Expansion of drivers reward system

Uber has been long criticized for how it treats its drivers and the expansion of its driver’s reward system should be a step toward boosting incentives

The reward system is called Uber Pro, and the company recently expanded the program to 20 more U.S. cities. Both drivers and UberEats couriers can participate, and the loyalty program rewards low cancellation rates and high ratings with incentives like higher take-home pay and free college tuition.

The expansion of UberPro seems to be timed perfectly with the IPO announcement, as Uber is looking for more ways to hook drivers, despite all of the recent complaints and strikes. Since Uber drivers lack many of the benefits and protections of salaried employees, the company is seemingly looking for every workaround possible to seem like they are making an effort to make drivers happy.

So What Does This Mean for Drivers?

While the incentives sound good on paper, critics claim that this is just another ploy from Uber to keep drivers working longer hours at the mercy of the algorithm and discouraging them from working for other apps.

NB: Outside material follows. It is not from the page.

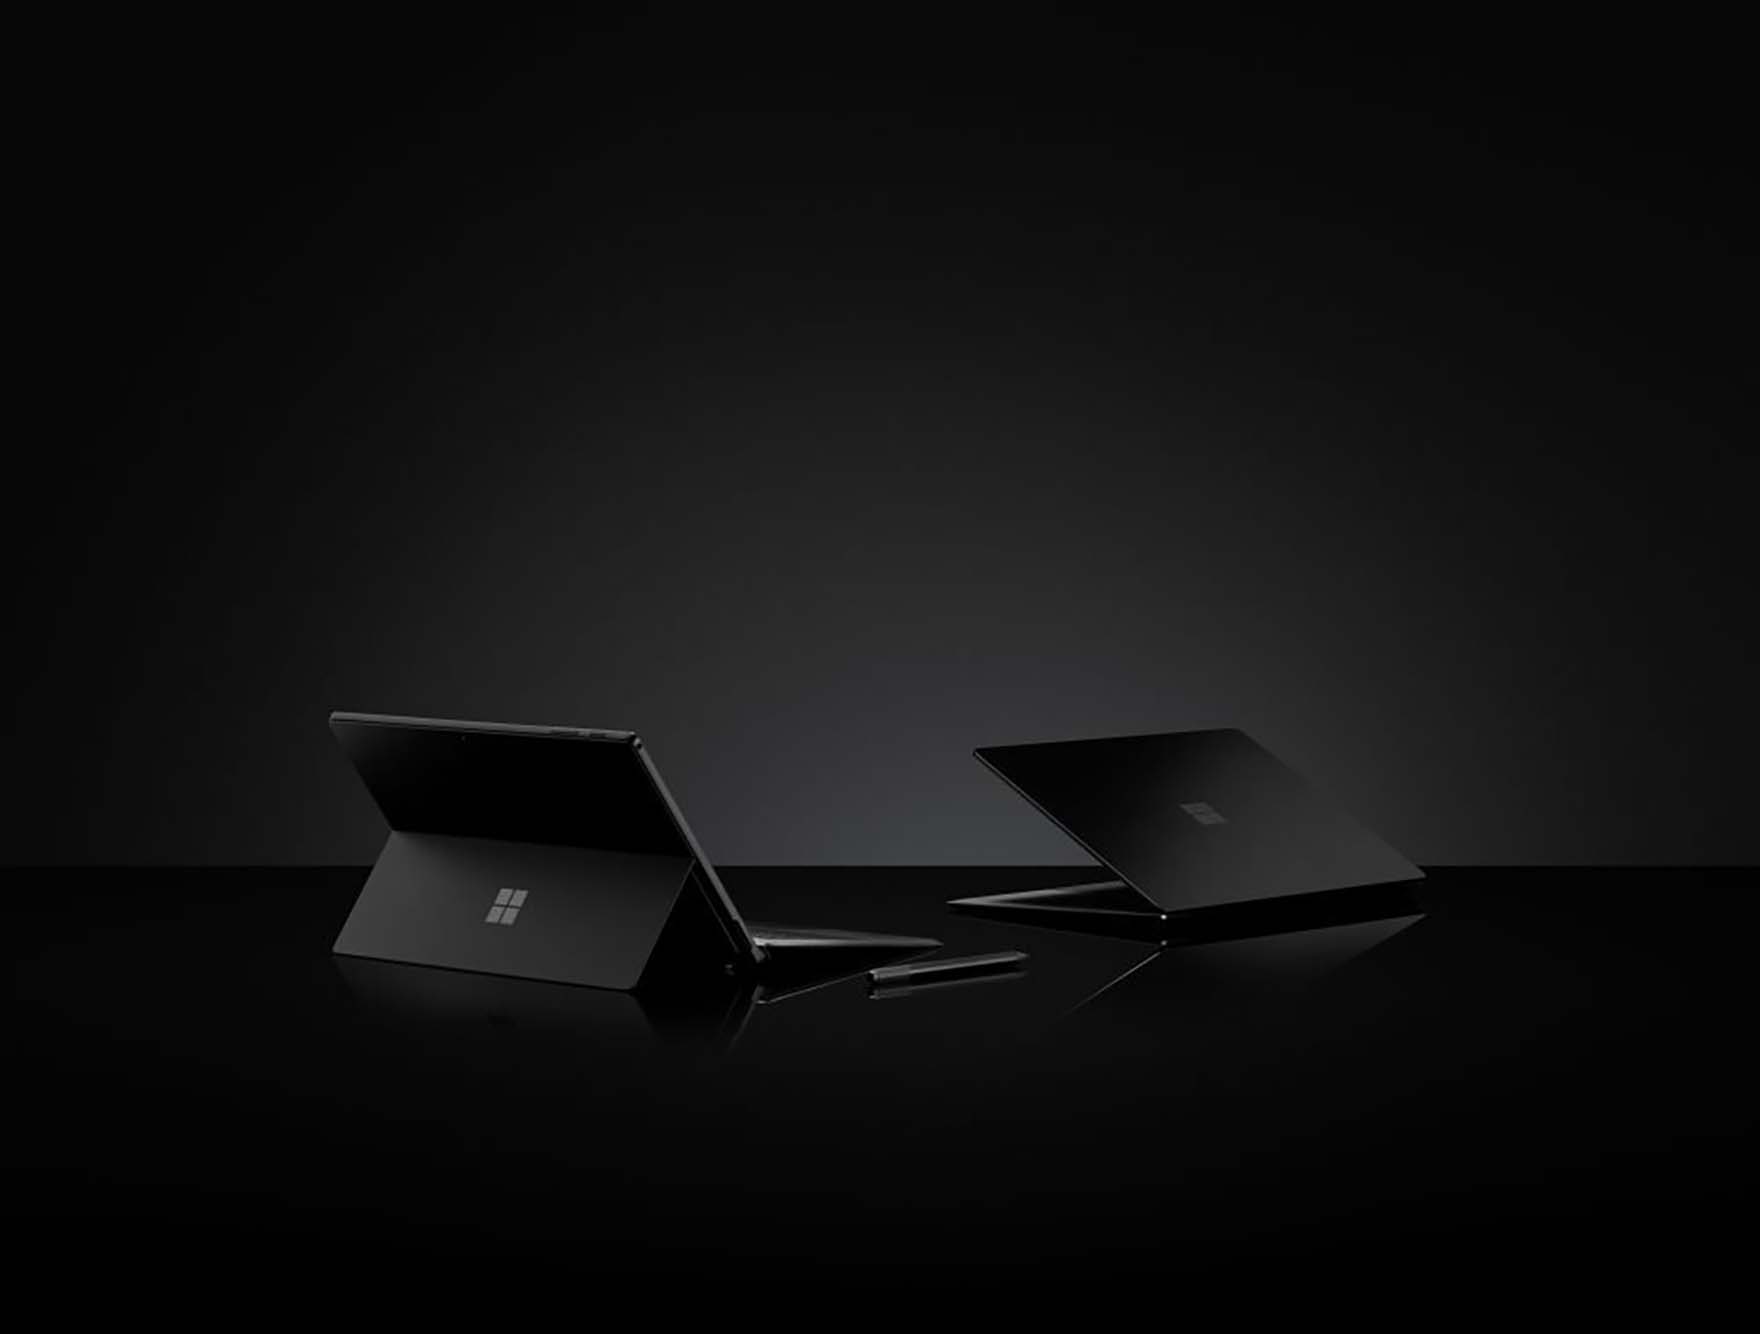 Surface Pro 6 and Surface Laptop 2 available today 7bff59010b6e856580826d1b704eafe3.jpg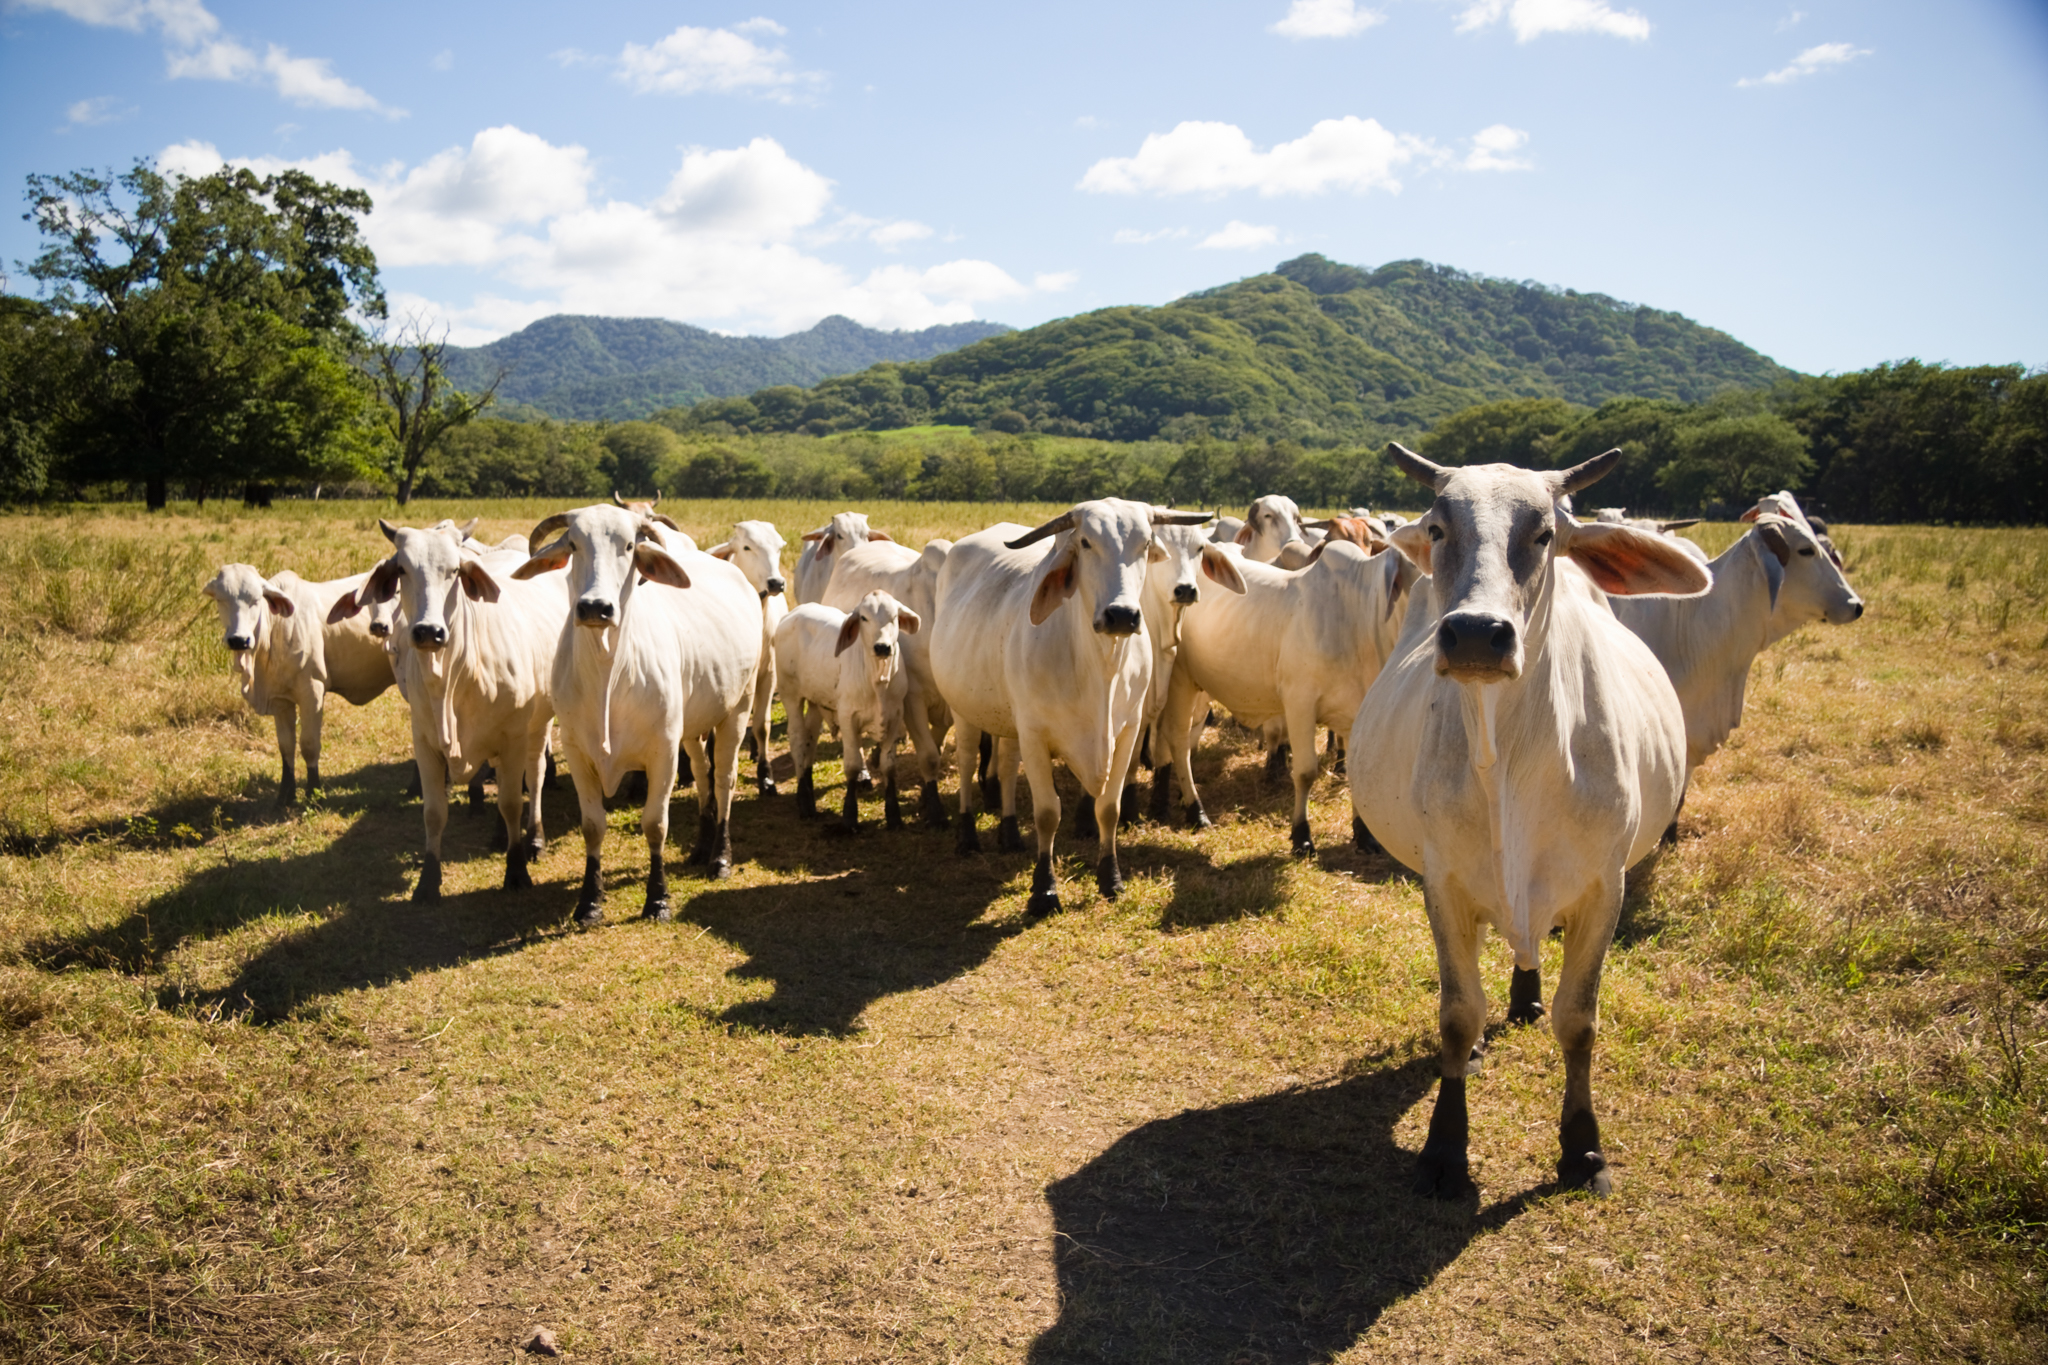 A drive plotted with offline Google Maps took us through beautiful Costa Rican plains. We made a quick stop to greet a herd of Jersey Cows.

In the coming weeks we’ll be writing a full breakdown on the benefits of Uber Pro, so keep a look out for that!

Let’s Summarize

Uber’s IPO stands to make a lot of people extremely rich, but its drivers aren’t among them. Let’s review what drivers should be aware of after Uber’s latest financial release. 

  • Take-rates will continue to increase and transparency will continue to decrease, which means less money in your pocket overall. 
  • Uber’s new Uber Pro incentives look nice on paper, but it remains to be seen how much they will actually help drivers.
  • As the rideshare market fragments and competition increases, drivers should look to use other apps to earn more money.